5 Ways to Make SQL Server Backups

Last time we discussed 5 backup types for SQL Server.  Now I want to introduce you to five ways to make backups in SQL Server. I can’t possibly explore all the options available with each of these six methods. There is a lot to cover for even a “simple” topic like backups.

Method 1: Using the SSMS GUI to Make a Back up

 

For those readers who like the SSMS GUI, there is good news.  SQL Server Management Studio offers a fairly straightforward method for backing up a database. Once you connect to the SQL Server instance containing the database you want to back up, left click on the “+” sign next to the Databases folder.  Then right click the name of the database you want to backup, choose Tasks, then choose the Backup option in the fly out menu.

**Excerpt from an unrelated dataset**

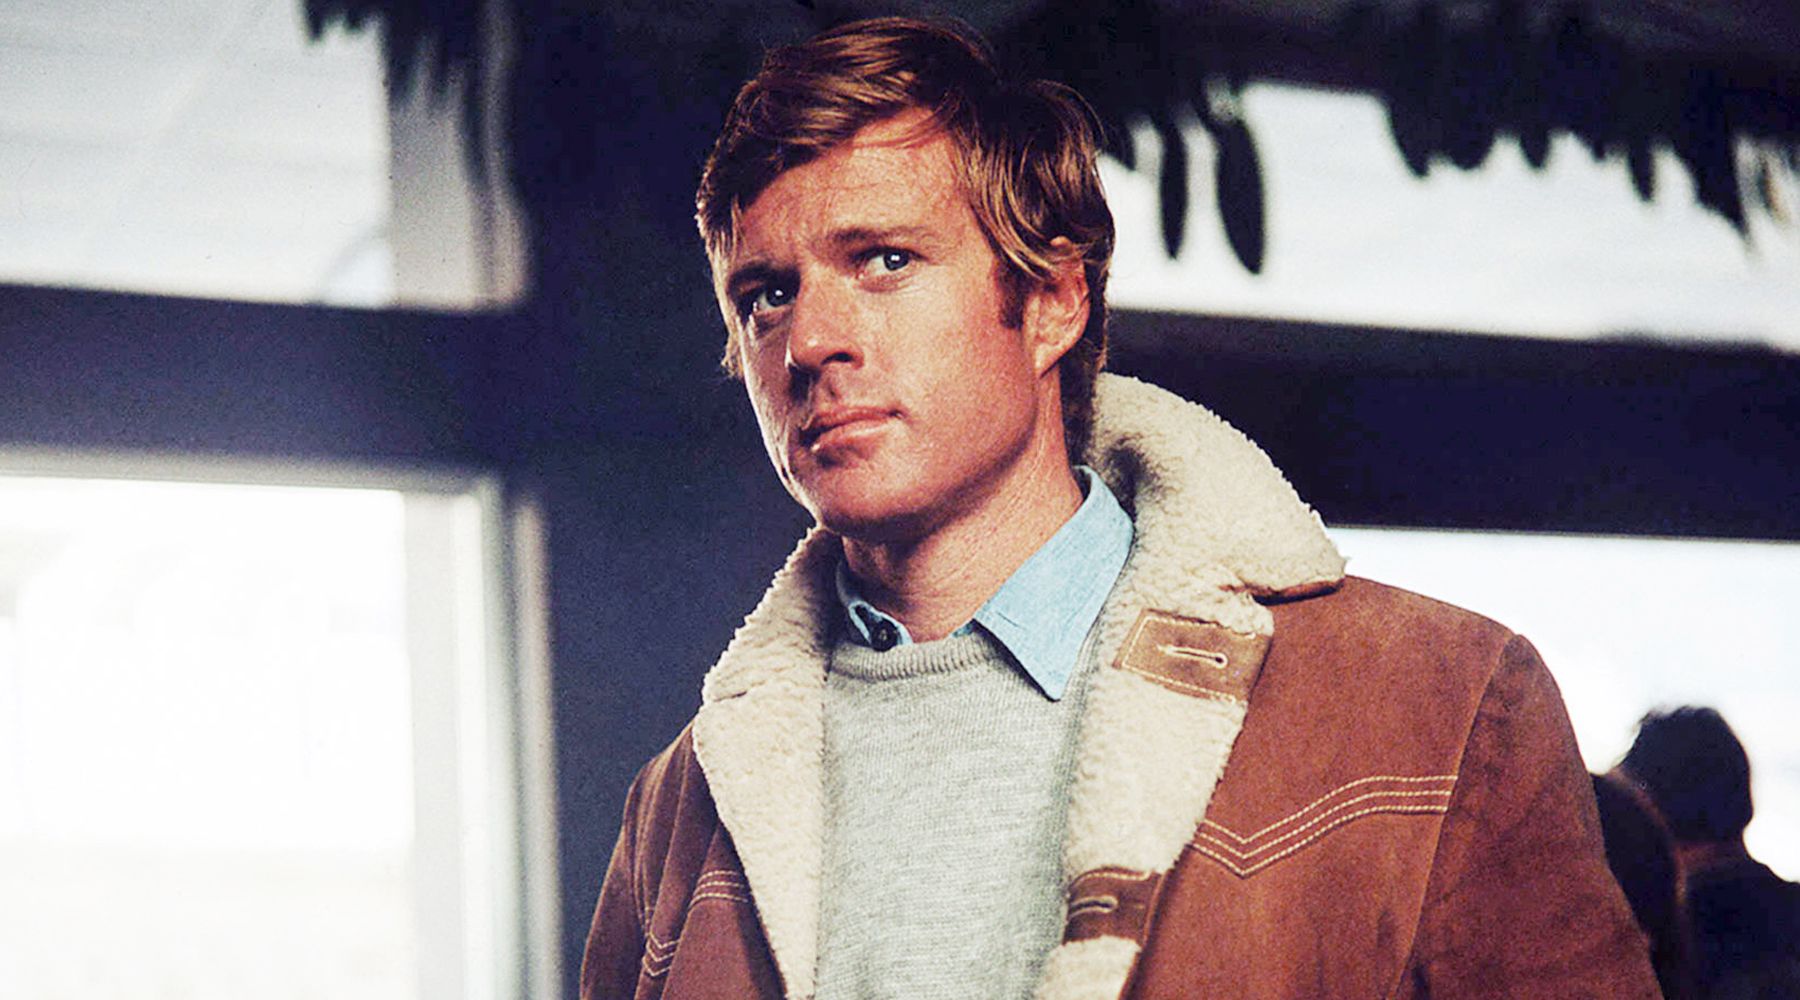 10 Questions for Robert Redford - 10 Questions - TIME

That brings you to the General Backup Menu page in SSMS.  In this menu you can access a number of settings related to the backup that will be generated.

With the “Backup type” drop down you can control whether this will take a Full, Differential or Log backup.

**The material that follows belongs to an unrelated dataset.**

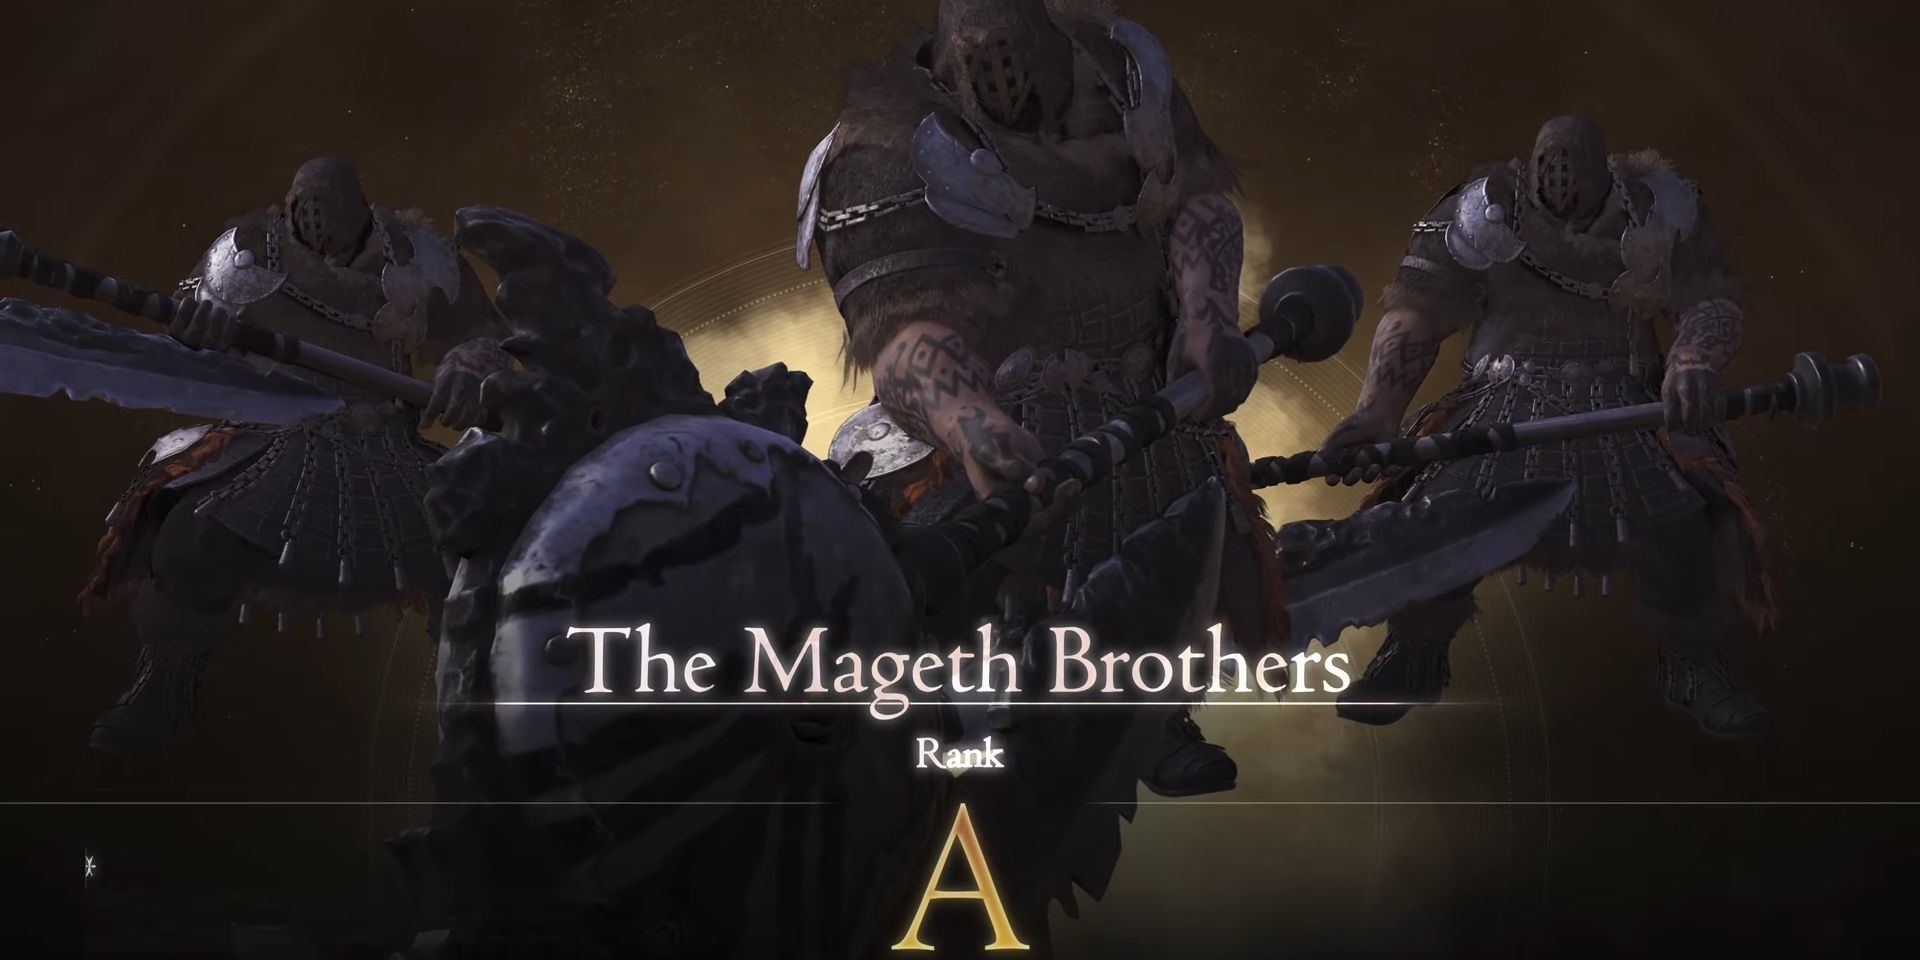 Final Fantasy 16's Mageth Brothers Hunt card, showing their are an A-Rank target. The three warriors hold their axes in hand.

The “Backup component” section can be adjusted to take either a backup of files and filegroups or the default selection of “Database.”

In the Destination section you can backup to the default of “Disk” or choose “URL” from the drop down to make a backup to Azure as the target. When the destination of Disk is left you will be supplied with the destination of the backup and a filename for the backup.  This directory will be the default backup directory selected during the SQL Server installation.  If this is not where you want the backup, simply click “Remove” then click “Add” to navigate to the location you want to use.  The “Add” menu does accept share paths.

The Media Options selection on the “Select a Page” allows you to choose options for things like whether you want to append this backup to the same media set or start over with a new one.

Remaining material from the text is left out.